Currently submitted to: Journal of Medical Internet Research
Date Submitted: Feb 2, 2026
Open Peer Review Period: Feb 3, 2026 - Mar 31, 2026
(currently open for review)
Warning: This is an author submission that is not peer-reviewed or edited. Preprints - unless they show as "accepted" - should not be relied on to guide clinical practice or health-related behavior and should not be reported in news media as established information.

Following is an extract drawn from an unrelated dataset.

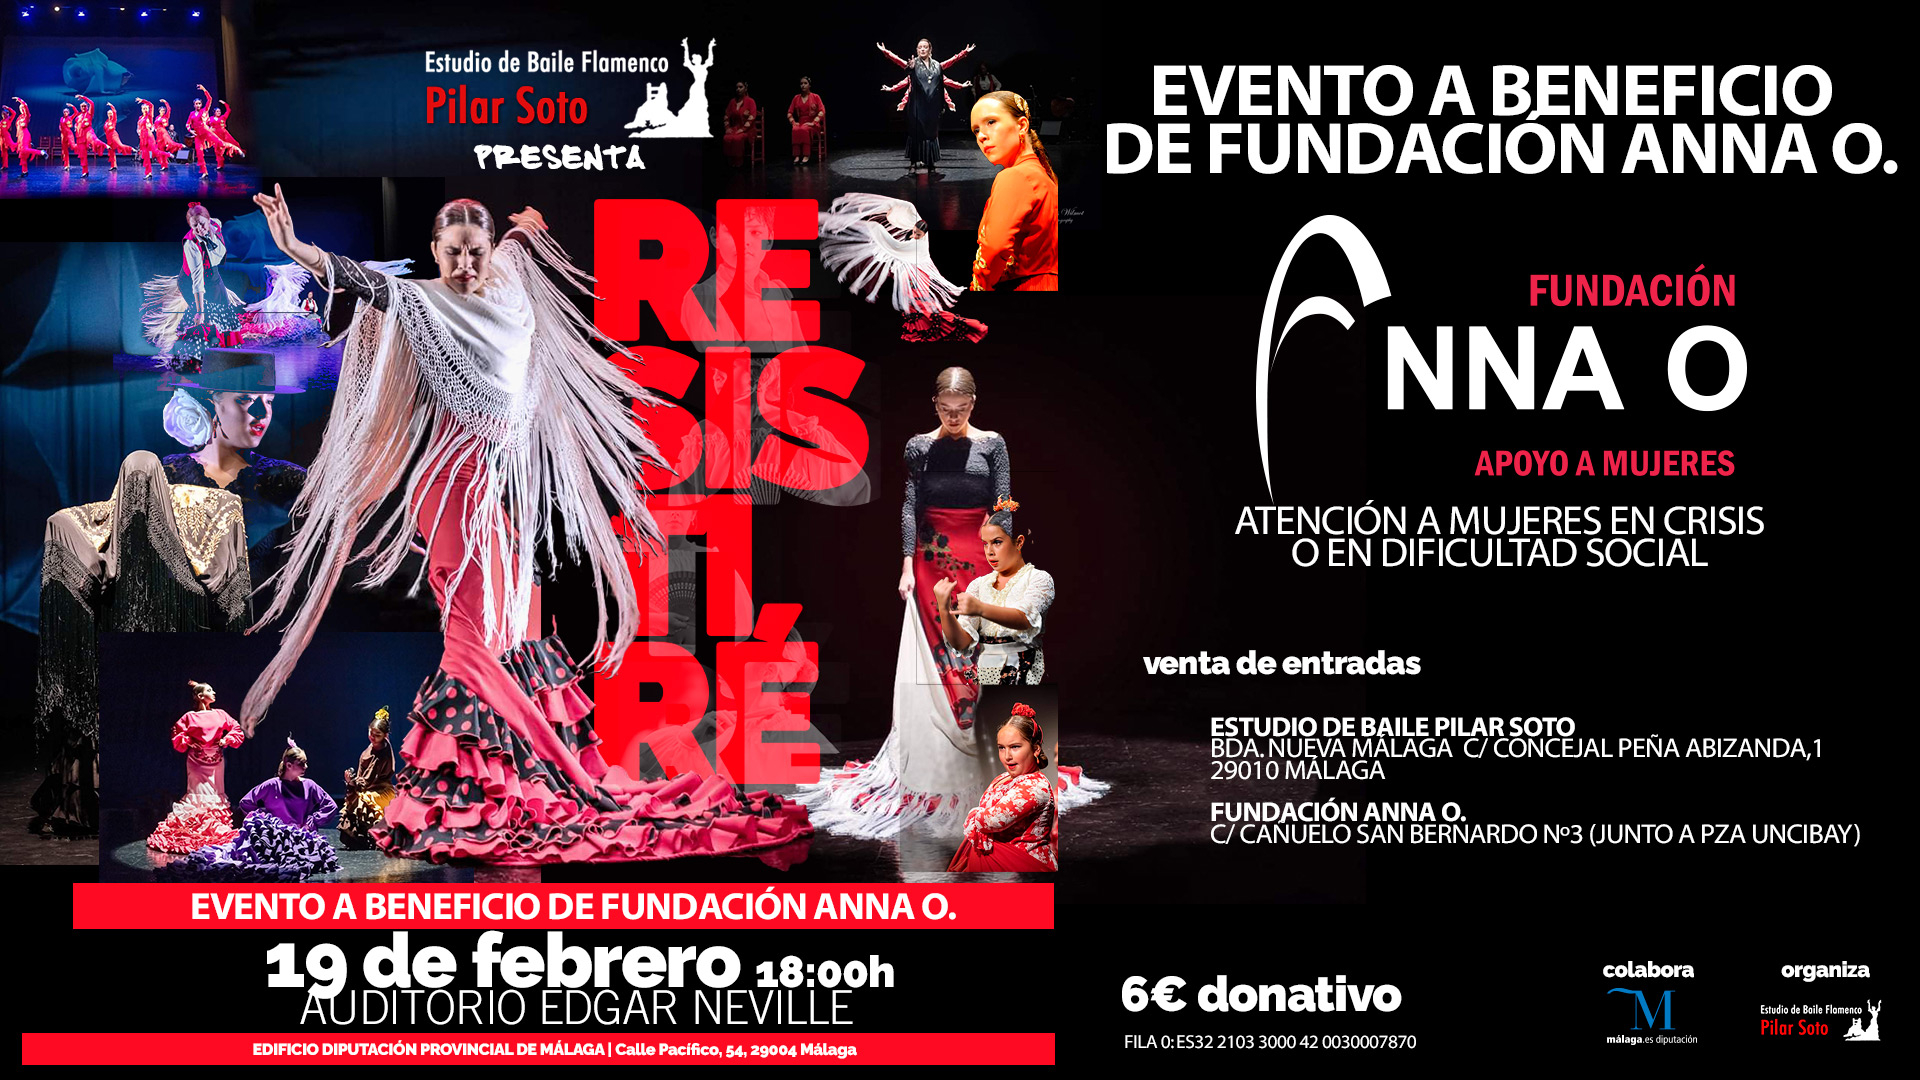 El Estudio de Baile Flamenco de Pilar Soto representará su espectáculo "Resistiré" el 19 de febrero a beneficio de Fundación Anna O.
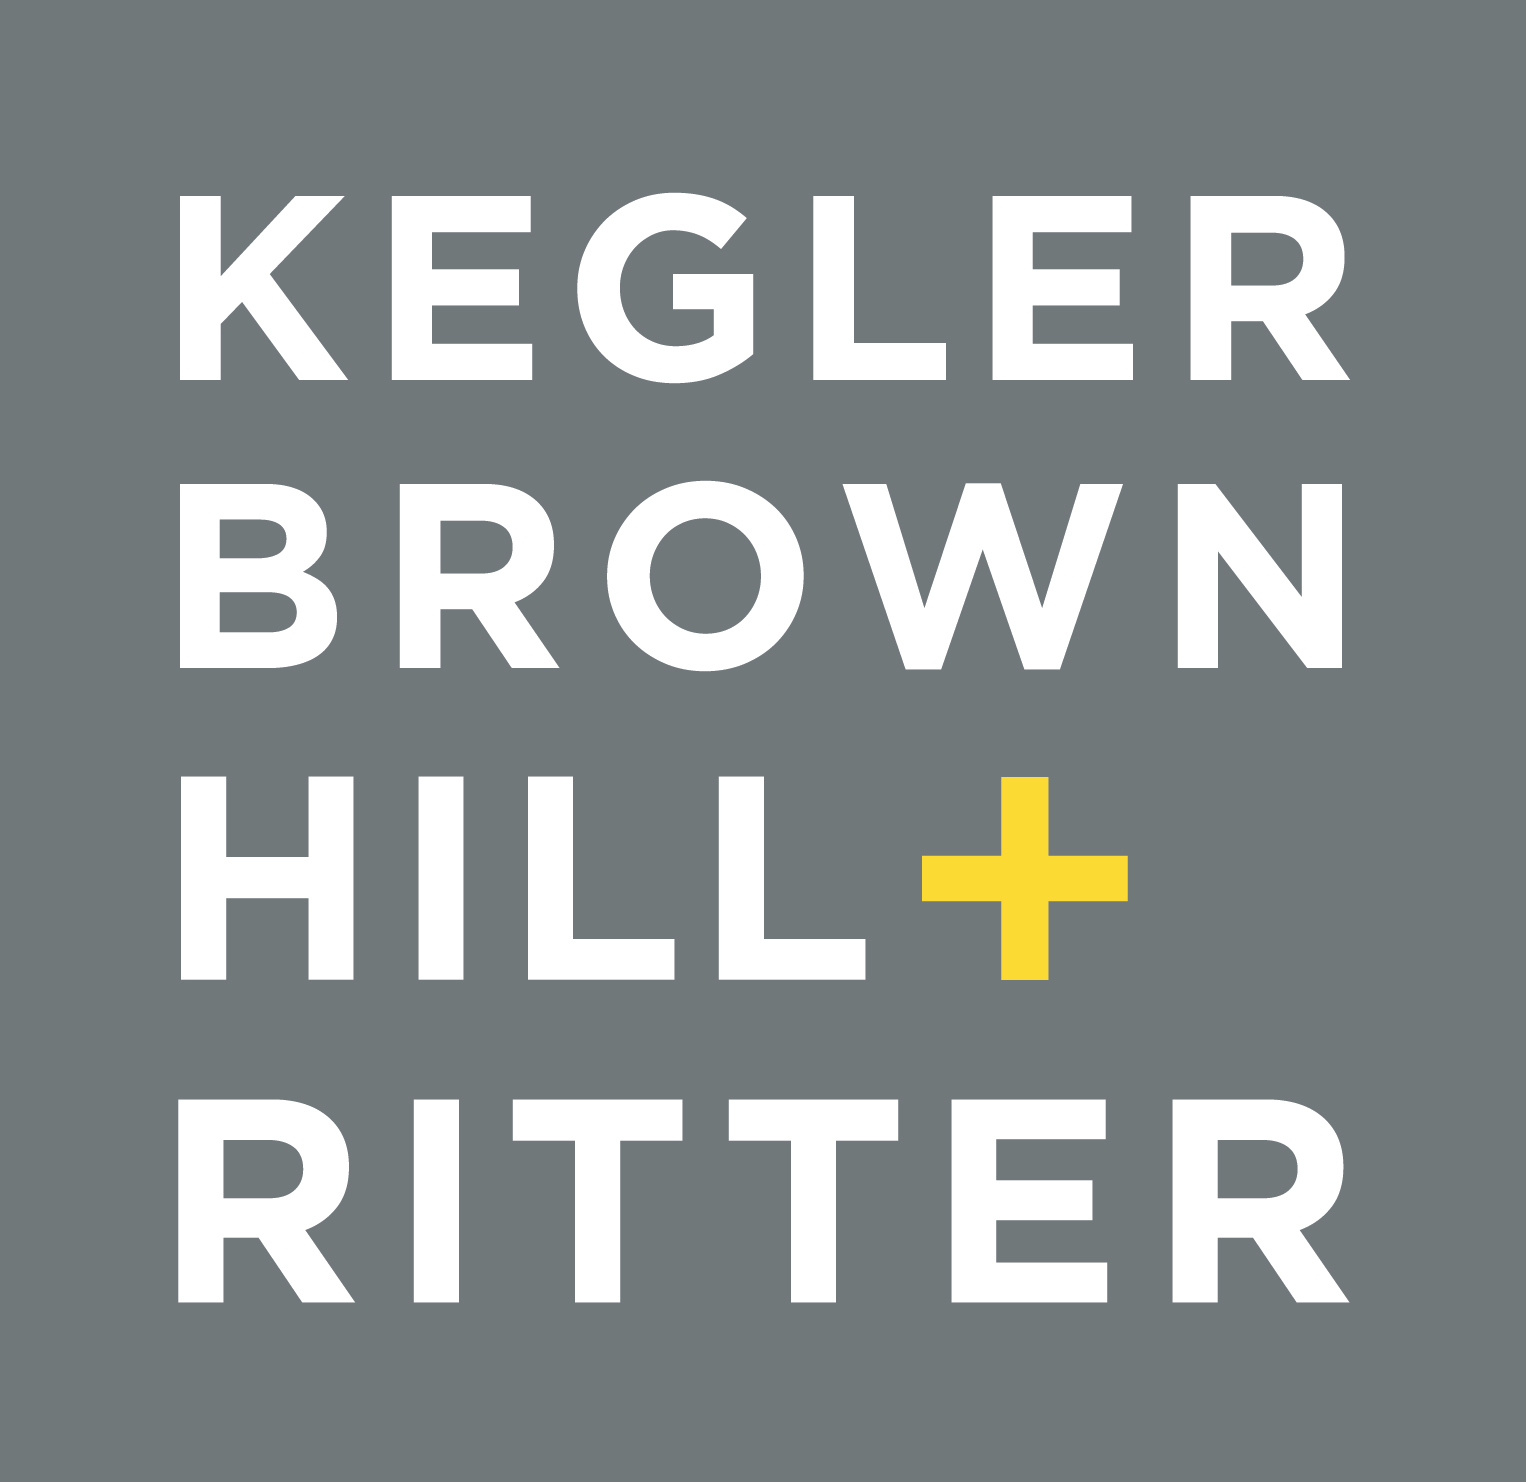 Kegler Brown Hill & Ritter

Extracting Quality of Life Information from Forum Posts Using Open-Source Large Language Models: Feasibility Study
ABSTRACT
Background:
Quality of Life (QoL) questionnaires are an established instrument designed to assess overall wellbeing and quality of life of patients. They are important in predicting the outcome of the disease and understanding the needs of individual patients. However, their repeated collection imposes substantial burden on both patients and clinical professionals. Many patients seek emotional support and mutual exchange in online communities for peer-support, where they frequently share detailed descriptions of symptoms and treatment experiences, addressing topics covered in QoL questionnaires. The emergence of large language models (LLMs) uncover potential for automatic extraction of relevant QoL information from patient-generated text.
Objective:
The aim of this study is to evaluate and compare various open-source LLMs and optimization approaches for automated extraction of QoL information from forum posts.
Methods:
The dataset consisted of 2,683 English-language posts from breast cancer patients recruited on Inspire.com online communities, manually annotated with sentence-level text spans indicating whether and where posts contained information relevant to 53 QoL questions from EORTC QLQ-C30 and QLQ-BR23 questionnaires. 11 open-source LLMs (8B-70B parameters) were evaluated in a zero-shot setup, generating 4,452 post-question predictions per model under two input conditions: post-only and post with additional context. For the best-performing model, additional experiments assessed the impact of chain-of-thought prompting, instruction optimization, few-shot prompting and parameter-efficient fine-tuning. For correctly classified yes/no instances, the overlap between model-generated evidence and human-annotated spans was evaluated.
Results:
Across 11 evaluated LLMs, GPT-OSS 20B achieved the highest macro F1-score (0.79) in the zero-shot post-only setting. Providing additional context consistently reduced performance of all models. Model size did not correlate with F1-score, with several mid-sized models (14B-30B) outperforming 70B models. For GPT-OSS 20B, chain-of-thought prompting did not improve performance (0.77). Instruction optimization produced results similar to the baseline in both zero-shot and few-shot settings (0.78-0.80). Bootstrap few-shot prompting with random search achieved the highest score overall (0.81). Parameter-efficient fine-tuning decreased performance (0.71). Most classification errors occurred in semantically broad or ambiguous terms and the fallback question. For correctly predicted yes/no answers, model-generated evidence matched or partially matched human-annotated spans in 89% of cases.
Conclusions:
Open-source LLMs are a promising tool for extracting QoL information that aligns with standardized questionnaire responses from online health forums. Mid-sized models achieved the highest accuracy, particularly in zero-shot, post-only settings. Few-shot prompting can further improve the results. Models were also able to generate evidence spans that closely matched human annotations. However, they consistently struggled with ambiguous and semantically overlapping terms. Overall, automated extraction of QoL information from patient-generated content may offer a faster, lower-cost and low-burden complement to traditional QoL questionnaires, given that limitations such as symptom ambiguity are addressed in future work.